- _TASK DESCRIPTION_
None of the images should appear in your copy. Transcribe the data in full.

- _PROVIDED MATERIAL_
#####
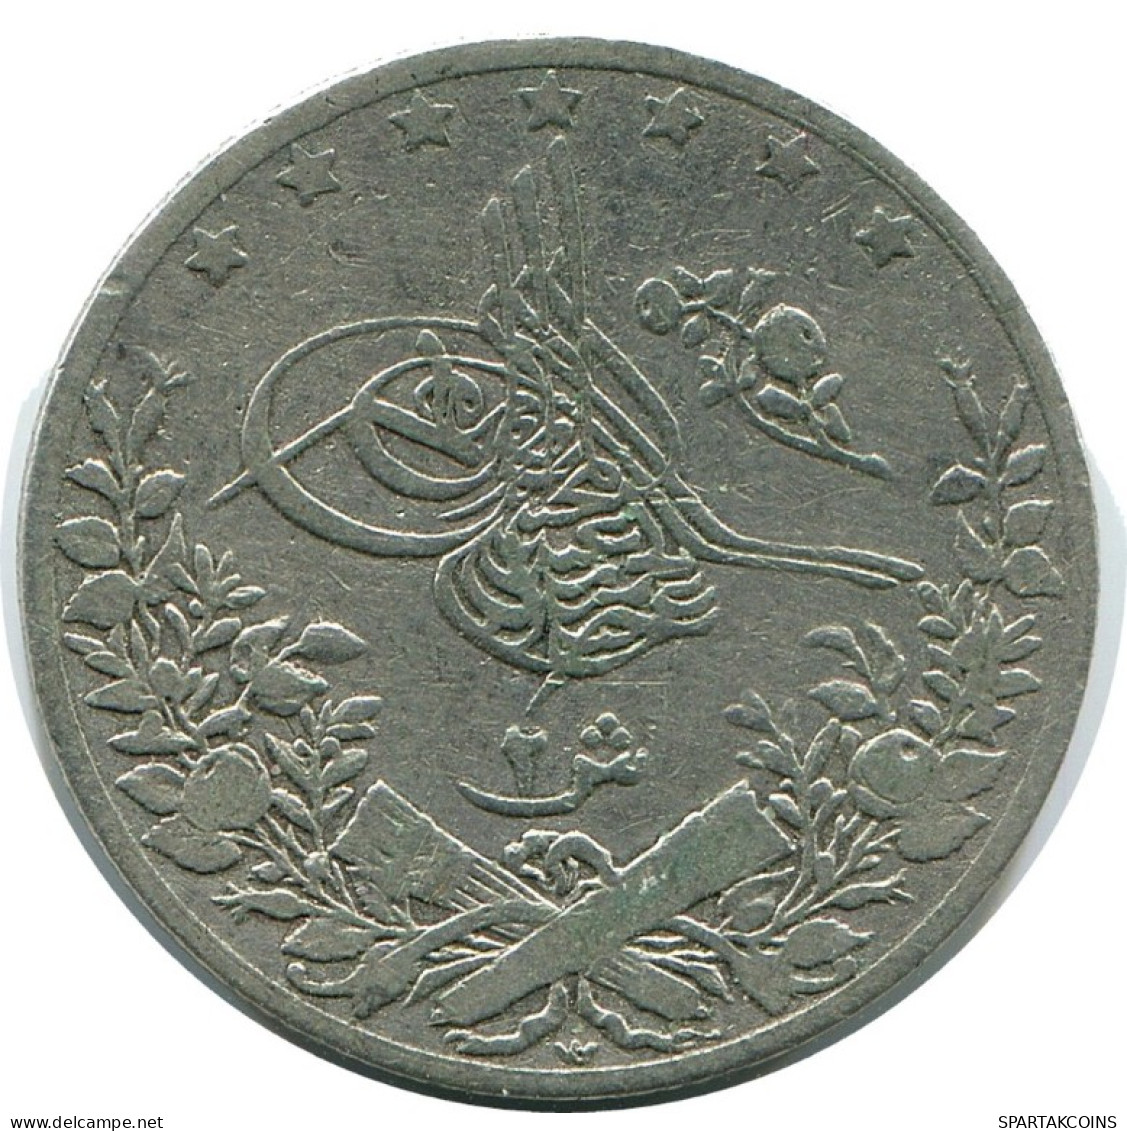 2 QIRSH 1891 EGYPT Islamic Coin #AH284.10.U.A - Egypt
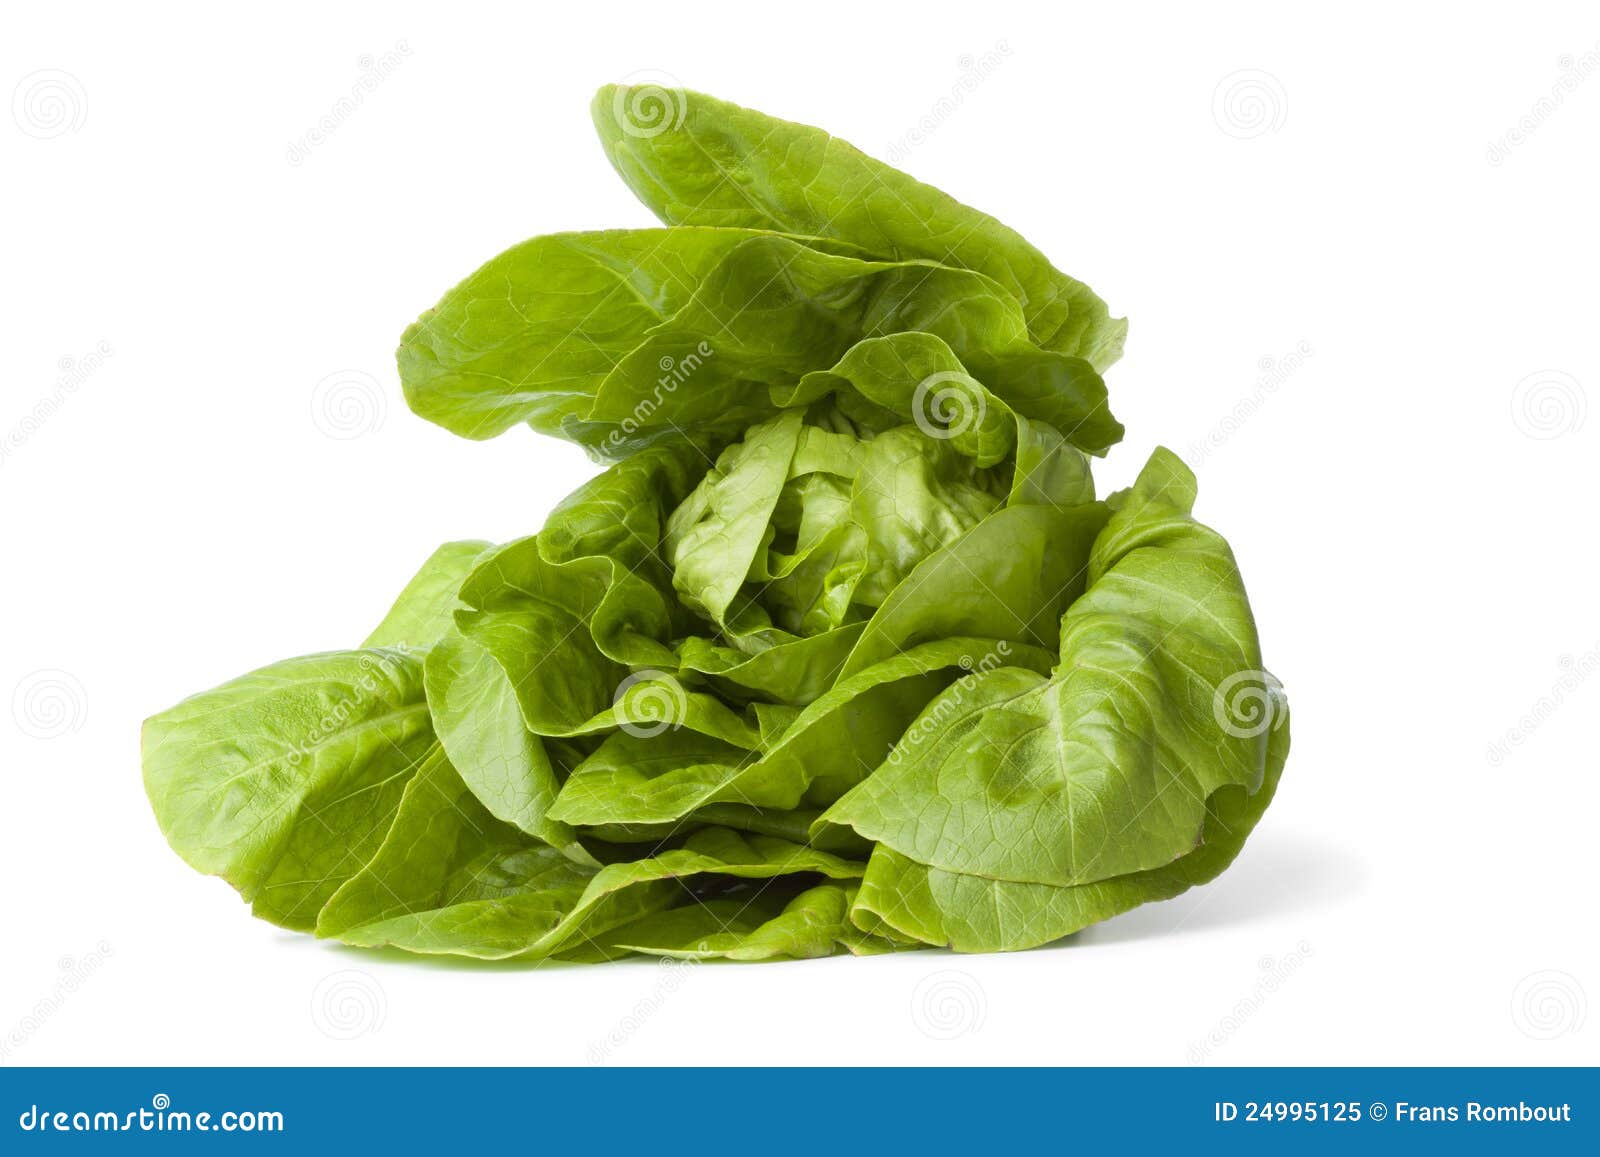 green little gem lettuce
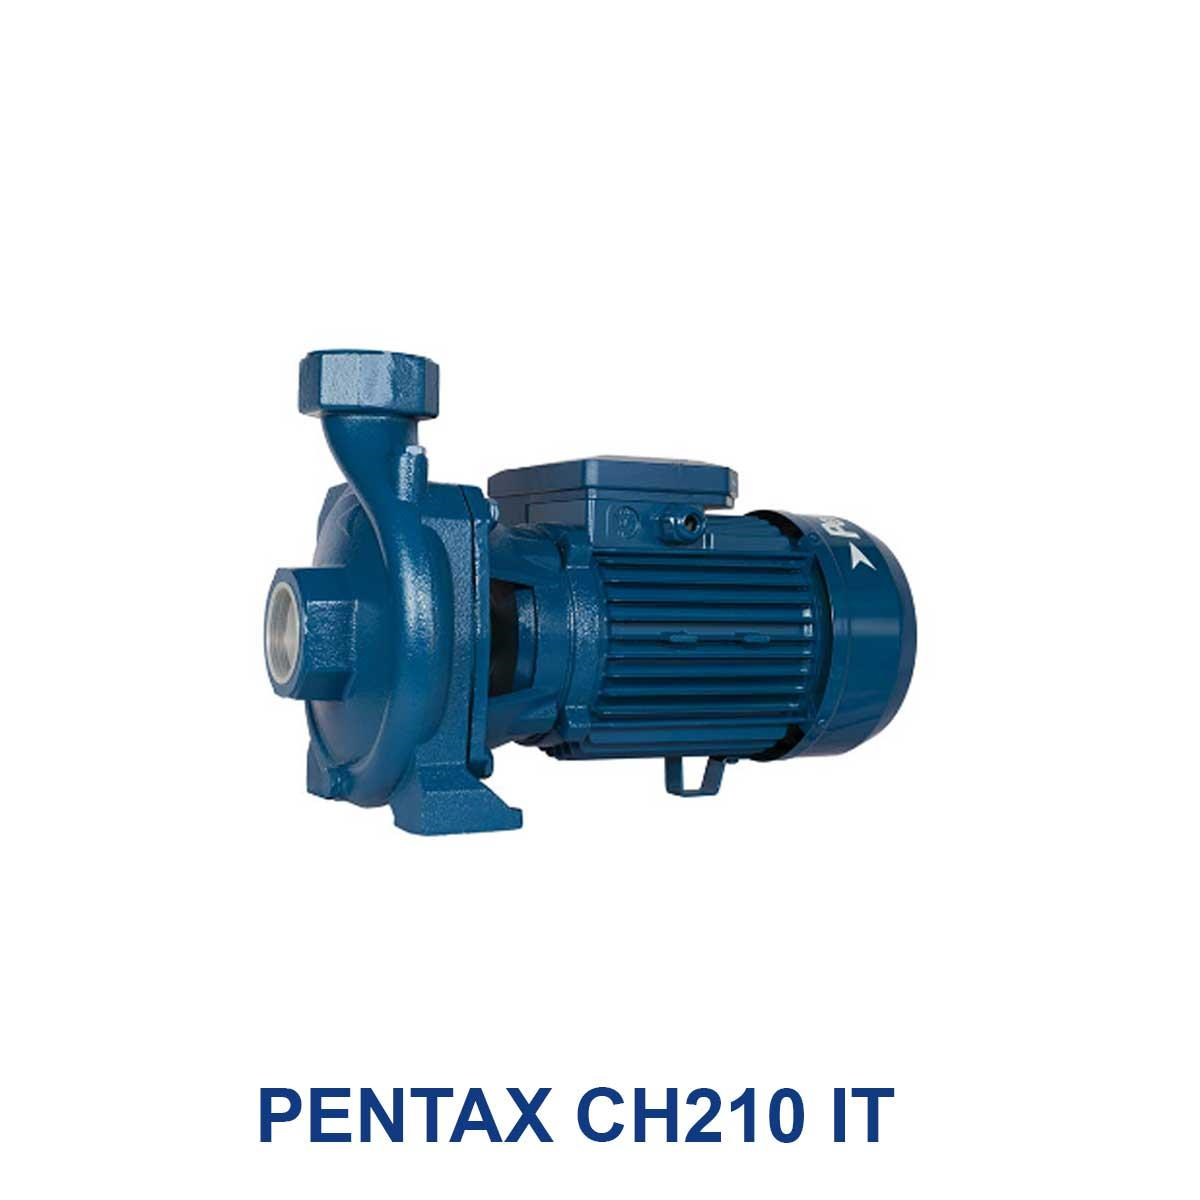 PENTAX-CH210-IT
#####
- _TASK SOLUTION_
 2 QIRSH 1891 EGYPT Islamic Coin #AH284.10.U.A - Egypt
 green little gem lettuce
 PENTAX-CH210-IT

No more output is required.